Tests goodness-of-fit by grouping observations into deciles of predicted probabilities:

hl_test = model.hosmer_lemeshow_test(n_groups=10)
print(f"Statistic: {hl_test['statistic']:.3f}")
print(f"p-value:   {hl_test['p_value']:.3f}")
# Null hypothesis: model fits well. Reject if p < 0.05

Information Matrix Test

Tests for model misspecification:

im_test = model.information_matrix_test()
print(f"Statistic: {im_test['statistic']:.3f}")
print(f"p-value:   {im_test['p_value']:.3f}")

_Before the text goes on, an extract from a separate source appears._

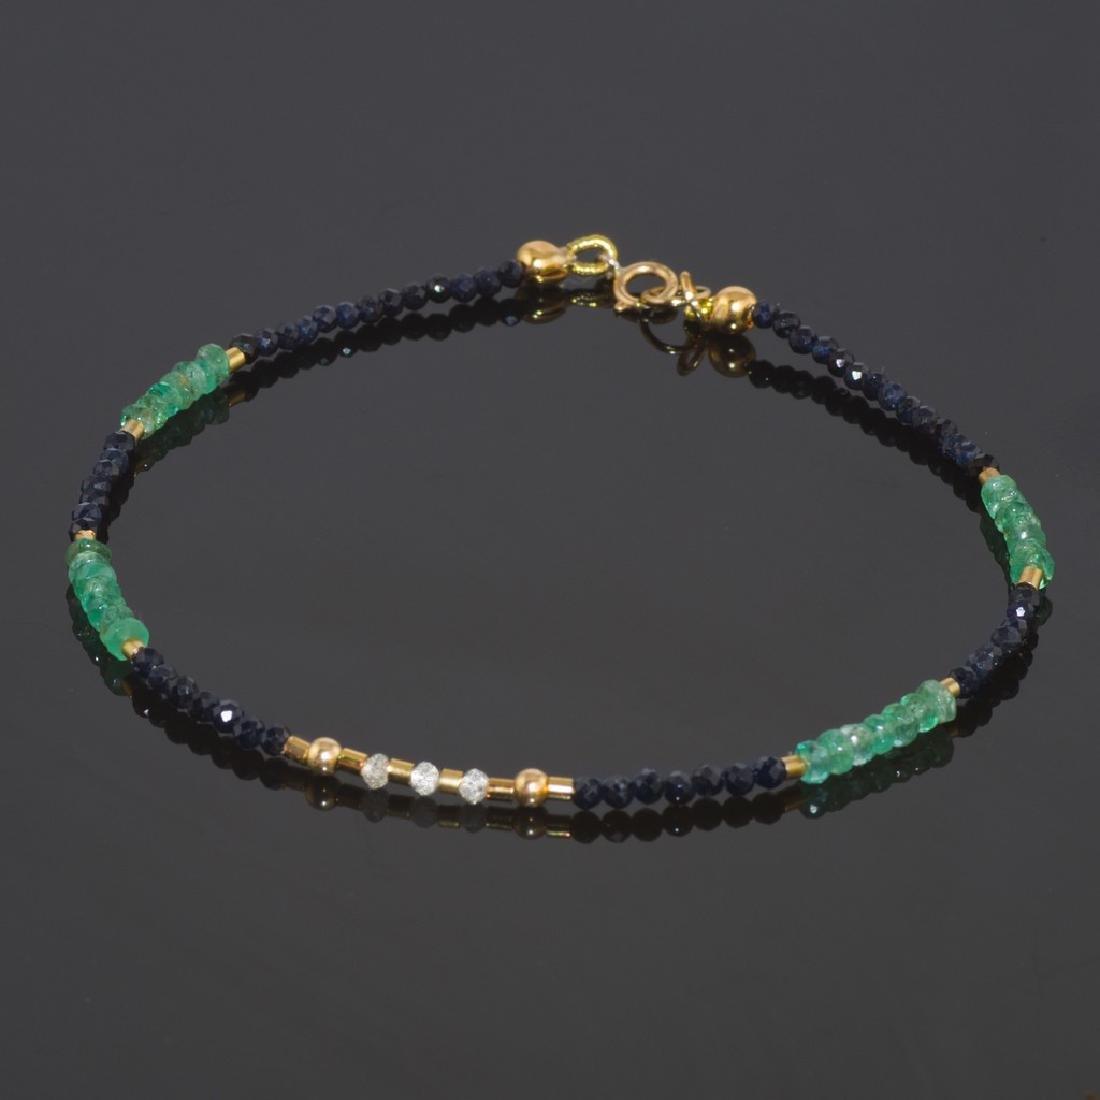 Sapphire and Emerald bracelet with Diamonds 0.2 carat

Tests whether the functional form (logit/probit link) is correctly specified:

link = model.link_test()
print(f"hat coefficient:  {link['hat']:.3f}")
print(f"hatsq coefficient: {link['hatsq']:.3f}")
print(f"hatsq p-value:    {link['hatsq_pvalue']:.3f}")
# Significant hatsq suggests misspecification

Pseudo R-squared

# McFadden (default)
r2_mcf = model.pseudo_r2(kind="mcfadden")

# Cox-Snell
r2_cs = model.pseudo_r2(kind="cox_snell")

# Nagelkerke
r2_nag = model.pseudo_r2(kind="nagelkerke")

Model Selection

# Compare models using information criteria
print(f"Log-likelihood: {results.llf:.3f}")
print(f"AIC: {results.aic:.3f}")
print(f"BIC: {results.bic:.3f}")

Result Attributes

Attribute Type Description
params Series Coefficient estimates
std_errors Series Standard errors
cov_params DataFrame Variance-covariance matrix
resid ndarray Response residuals (\(y - \hat{p}\))
fittedvalues ndarray Fitted probabilities
llf float Log-likelihood at maximum
ll_null float Null model log-likelihood
pseudo_r2_mcfadden float McFadden pseudo \(R^2\)
aic float Akaike Information Criterion
bic float Bayesian Information Criterion
converged bool Convergence flag

Additional attributes for RandomEffectsProbit:

Attribute Type Description
rho float Intra-class correlation \(\rho = \sigma^2_\alpha / (1 + \sigma^2_\alpha)\)
sigma_alpha float Random effects standard deviation
quadrature_points int Number of quadrature points used
n_iter int Number of optimization iterations

Additional attributes for FixedEffectsLogit:

Attribute Type Description
n_used_entities int Entities contributing to the likelihood
n_dropped_entities int Entities dropped (no variation)

Tutorials

Tutorial Description Link
Discrete Choice Models Comprehensive guide to all binary models Open in Colab

See Also

References

  • Chamberlain, G. (1980). "Analysis of Covariance with Qualitative Data." Review of Economic Studies, 47(1), 225-238.
  • Wooldridge, J. M. (2010). Econometric Analysis of Cross Section and Panel Data. 2nd ed. MIT Press. Chapters 15-16.
  • Cameron, A. C. and Trivedi, P. K. (2005). Microeconometrics: Methods and Applications. Cambridge University Press.
  • Hosmer, D. W. and Lemeshow, S. (2000). Applied Logistic Regression. 2nd ed. Wiley.
  • Greene, W. H. (2018). Econometric Analysis. 8th ed. Pearson. Chapter 17.